Your Skin and TNF-Alpha
Generally speaking, it’s the immune system’s job to protect the body against infections, viruses, tumors, and other types of illness. White blood cells called “T-cells” circulate the body regularly, looking for foreign invaders, which are then neutralized as the T-cells find them.
When a patient has psoriasis, however, the immune system misfires, and those T-cells are activated even when there aren’t any foreign invaders to be found. As you might expect, having all those T-cells on alert when there’s nothing to fight results in various problems, including the release of too much of a protein called Tumor Necrosis Factor Alpha, or TNF-Alpha. One effect of this extra TNF-Alpha is that the skin becomes red and swollen. But perhaps the bigger problem is that the TNF-Alpha communicates to the skin cells that instead of going through their normal cycle of growth and death over a period of 30 days or so, they should go through the cycle in only three or four days—much faster than their normal rate. In addition, after they’ve died, the skin cells don’t shed as they normally would. Taken together, these factors result in one of the primary external symptoms of psoriasis: red and white scaly patches on the top layer of skin, created by the buildup of dead skin cells, and the swollen, irritated skin underneath. These patches are sometimes referred to as “plaques.”

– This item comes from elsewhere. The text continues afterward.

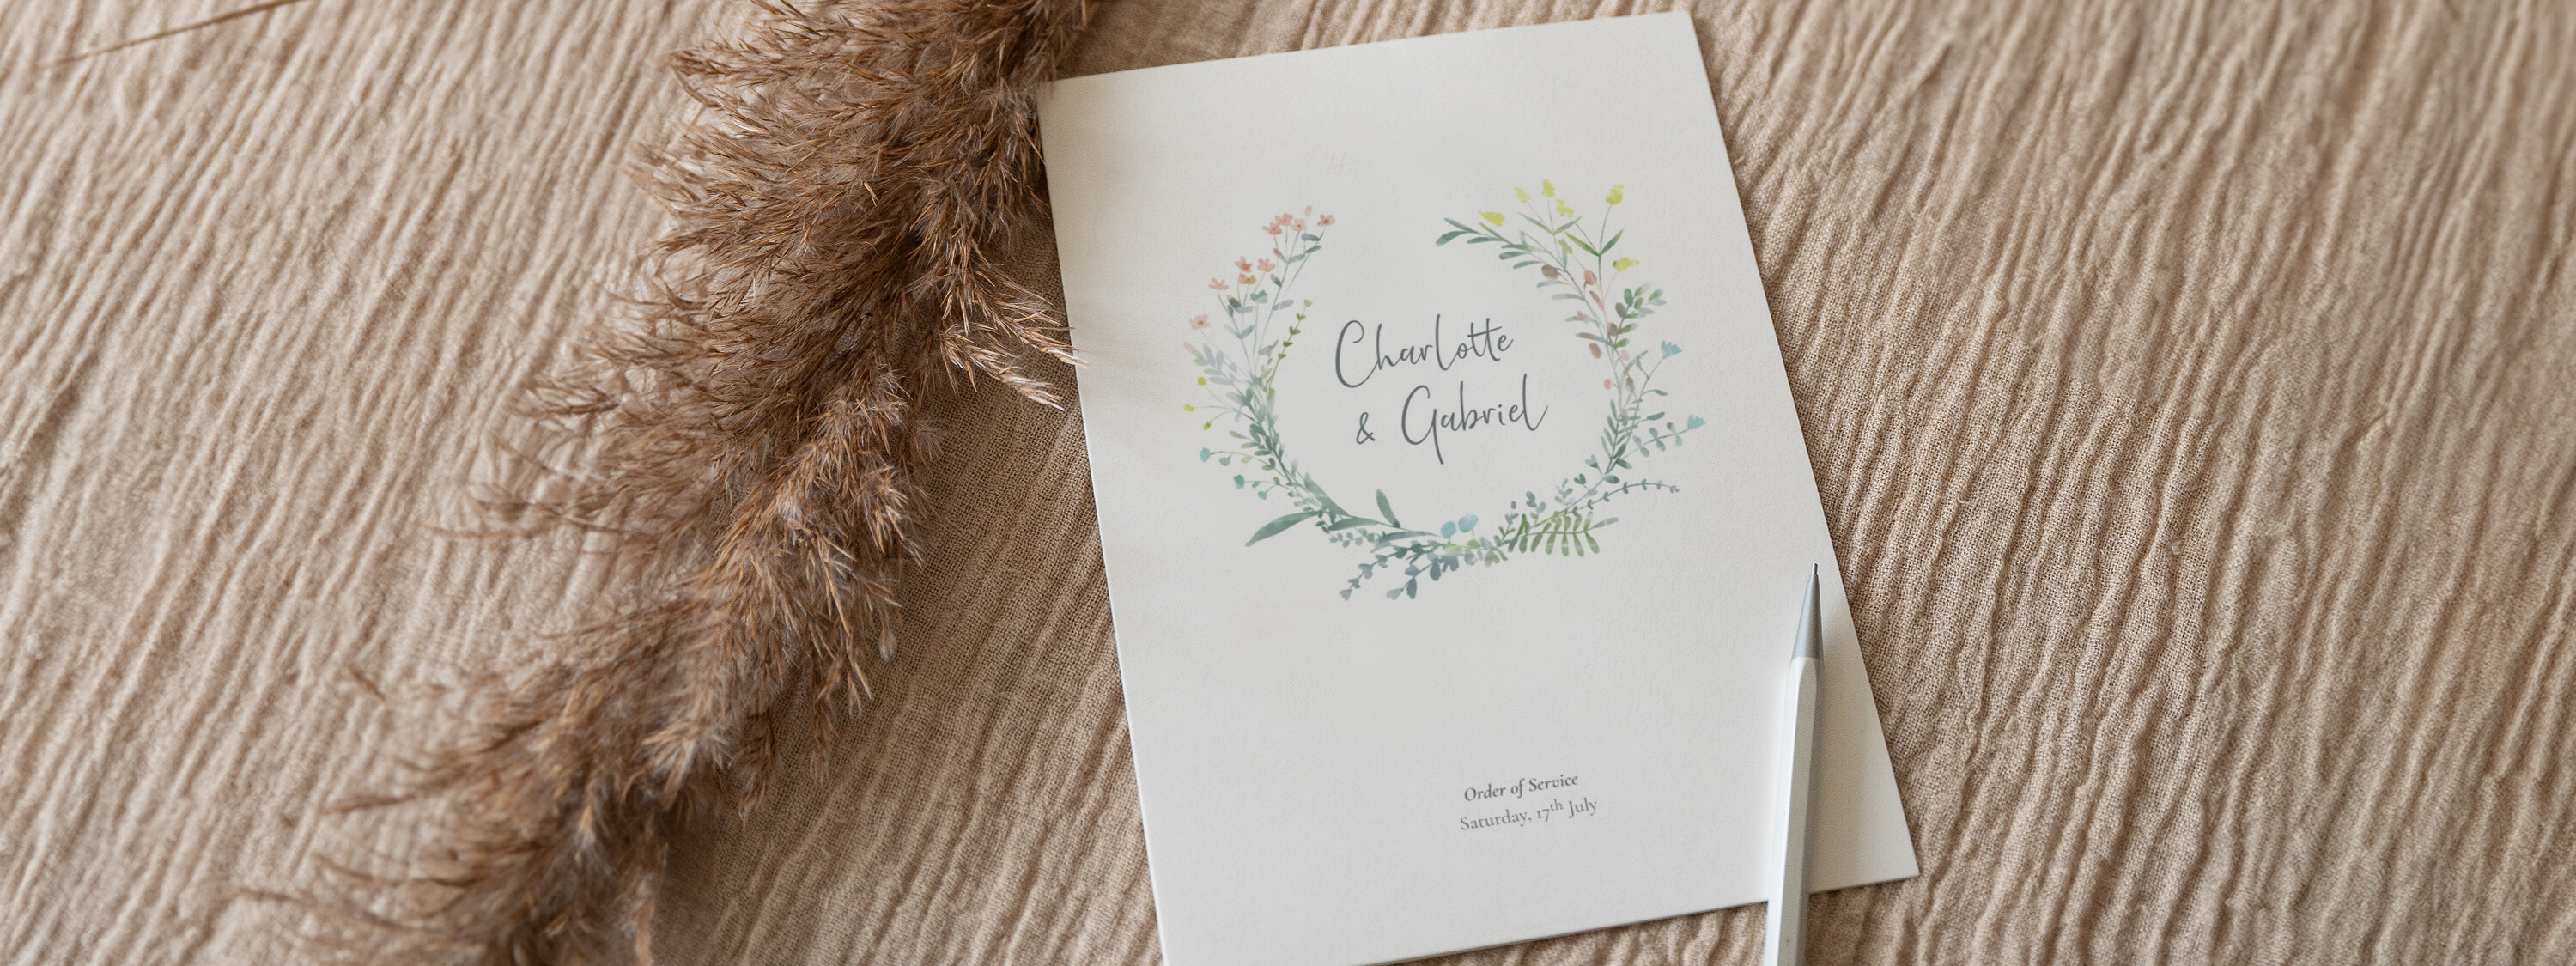 Classic Wedding Order of Service Booklet Covers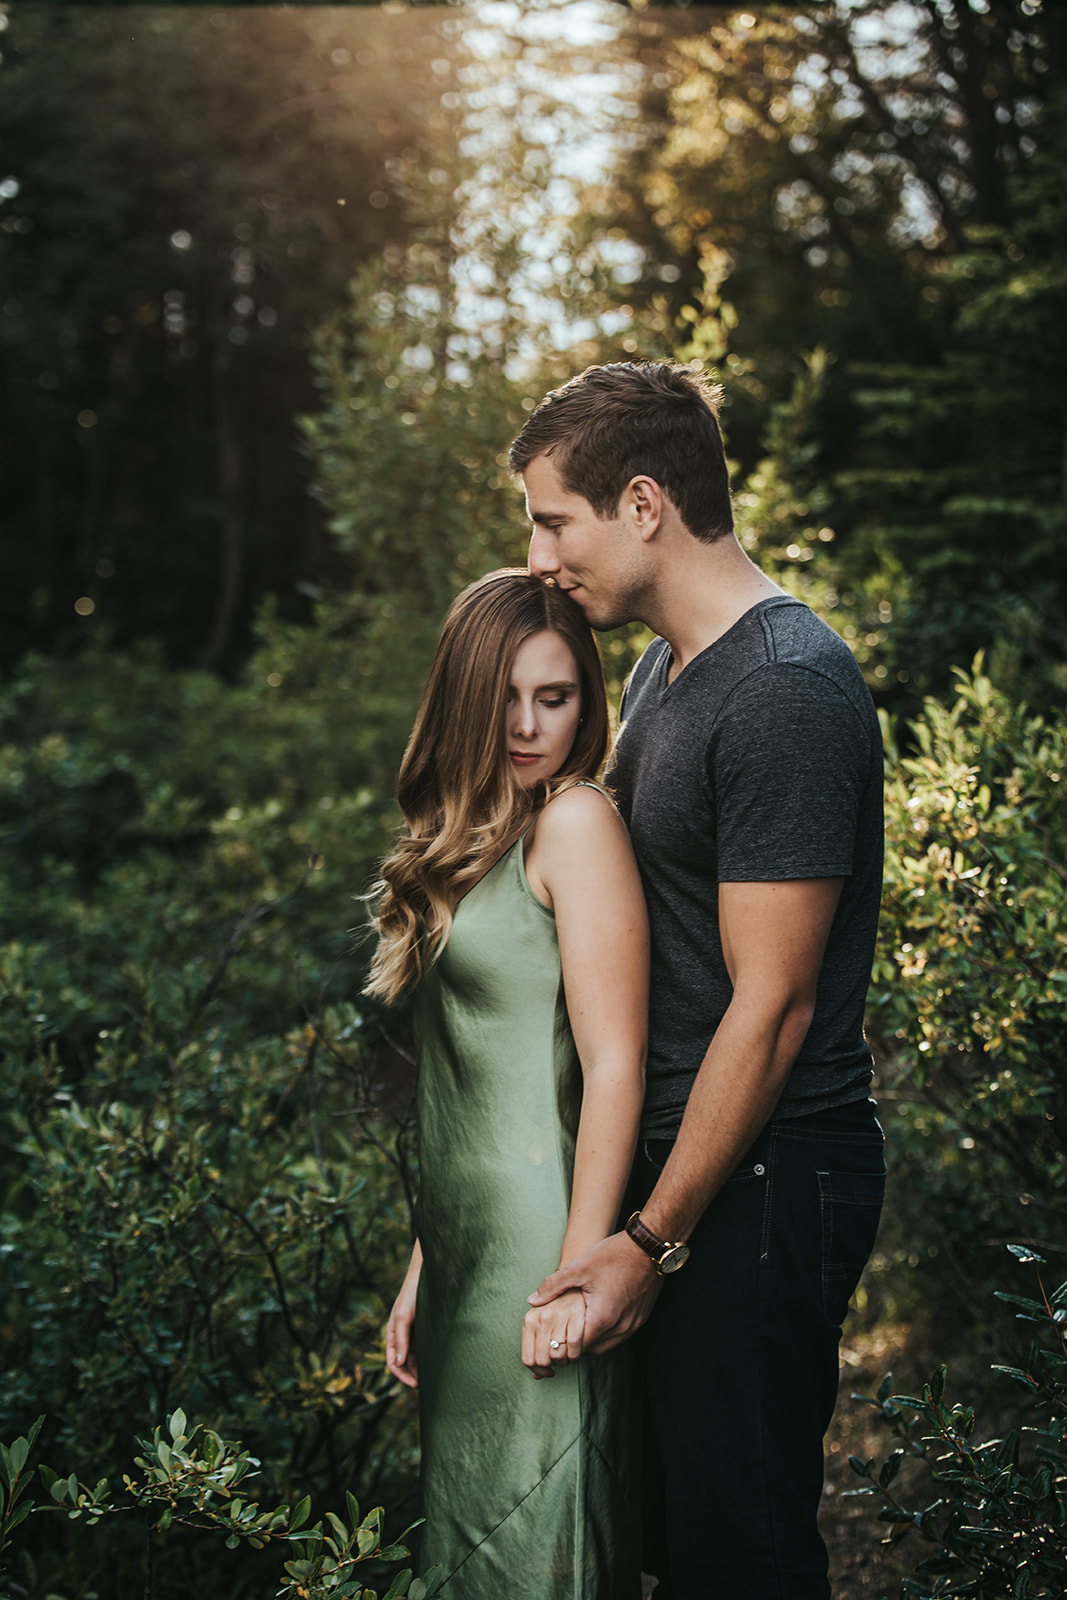 Kananaskis Engagement Session with Sue Moodie Photography

In fact, plaque psoriasis is by far the most common of the five types of psoriasis (the other four being guttate, inverse, pusutlar, and erythrodermic). About 80% of psoriasis sufferers are diagnosed with plaque psoriasis. Because its cause is rooted in a malfunction of the immune system, psoriasis is not contagious. With the recurring cycle of flare-ups, however, all types of psoriasis can be inconvenient, frustrating, painful, embarrassing, and sometimes even debilitating to live with. All of these factors leave psoriasis sufferers anxious for relief.